# Craftsman Weedwacker Muffler Removal



## roughneck (Nov 28, 2014)

Look in those 2 holes, are their screws in there? 
Mine is of a similar design and that’s where the screws are.


----------



## hkstroud (Mar 17, 2011)

> https://www.searspartsdirect.com/model/1psfdp4116-000247


..................


----------



## jpearson311 (Dec 29, 2009)

Thanks everyone, I figured it out. I looked in the holes originally, but what I saw didn't look like screws. I used my flashlight and saw they were star headed screws. Once I got them out, I realized I needed a lot more than a muffler! 

Jesse


----------



## roughneck (Nov 28, 2014)

Did it blow something else out? 
Craftsman isn’t what it used to be sadly. Dad worked for them for over 40 years. Craftsman lawn and garden put food on the table when I was a kid.


----------



## jpearson311 (Dec 29, 2009)

roughneck said:


> Did it blow something else out?
> Craftsman isn’t what it used to be sadly. Dad worked for them for over 40 years. Craftsman lawn and garden put food on the table when I was a kid.


The top two rear arms of the crankcase housing were broken. I just ordered a bunch of replacement parts from Sears parts direct.


----------



## hkstroud (Mar 17, 2011)

Personally, I wouldn't put much money or time into it. Try a Black and Decker 36V battery powered. Unless you have 40 acres you will like it.


----------



## jpearson311 (Dec 29, 2009)

hkstroud said:


> Personally, I wouldn't put much money or time into it. Try a Black and Decker 36V battery powered. Unless you have 40 acres you will like it.


All of the parts cost me $75 and I have a lot of attachments for mine. I'm not quite sold on the battery powered ones.


----------



## hkstroud (Mar 17, 2011)

But if you get a battery powered one, the wife will do the edging.


----------



## 3onthetree (Dec 7, 2018)

​


hkstroud said:


> But if you get a battery powered one, the wife will do the edging.


Who is this wife you speak of? And is that one for sale?


----------



## hkstroud (Mar 17, 2011)

She is the one that does it herself because she doesn't like the way I do it.


----------



## roughneck (Nov 28, 2014)

My father in law has one of those battery powered things.
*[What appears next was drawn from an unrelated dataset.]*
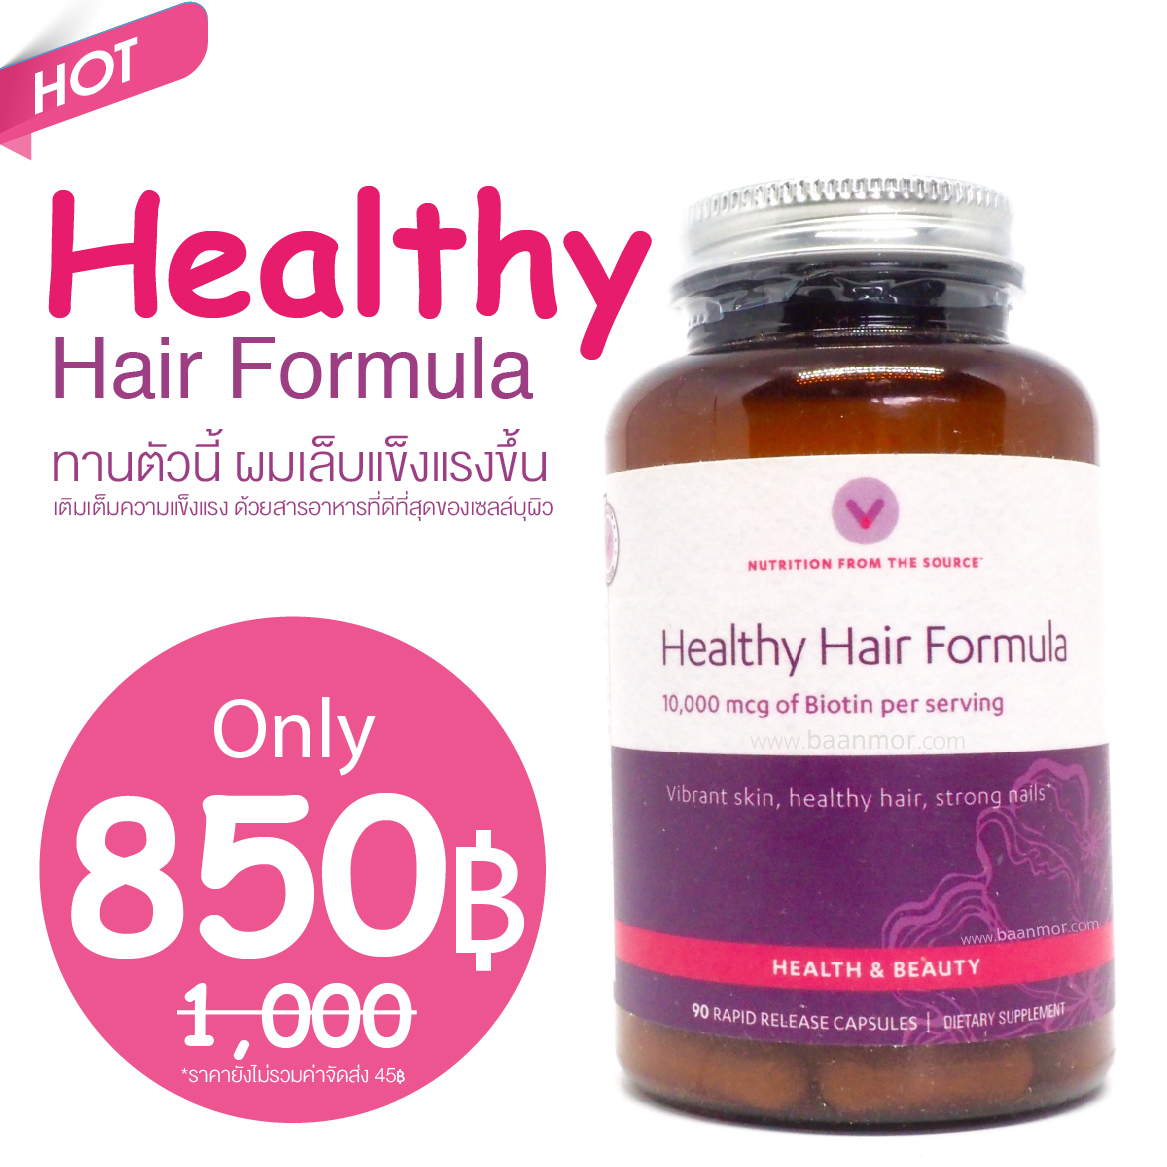 Healthy Hair Formula biotin 10,000mcg EXP 3/2018สารอาหารผม และเล็บ ไบโอติน 10,000 ไมโครกรัมหรือ 10 มก. ช่วยลดผมร่วง ผมหรือเล็บบางเปราะแตกหักง่าย ผมและเล็บแข็งแรงขึ้น 1 ขวดมี 90 เม็ด จาก Vitamin World

It’s ok, not my cup of tea. 
Just doesn’t seem like a successful grass cut without the scent of 2 stroke lingering in the air.


----------



## jpearson311 (Dec 29, 2009)

Ok everyone. I got my new parts installed, but now the start/run switch doesn't latch. When it's on start and you squeeze the throttle, it should switch to the run position. It doesn't do that anymore. It just stays in the run position unless I push and hold it in the start position. Any ideas why? I didn't touch it during the whole repair process.


----------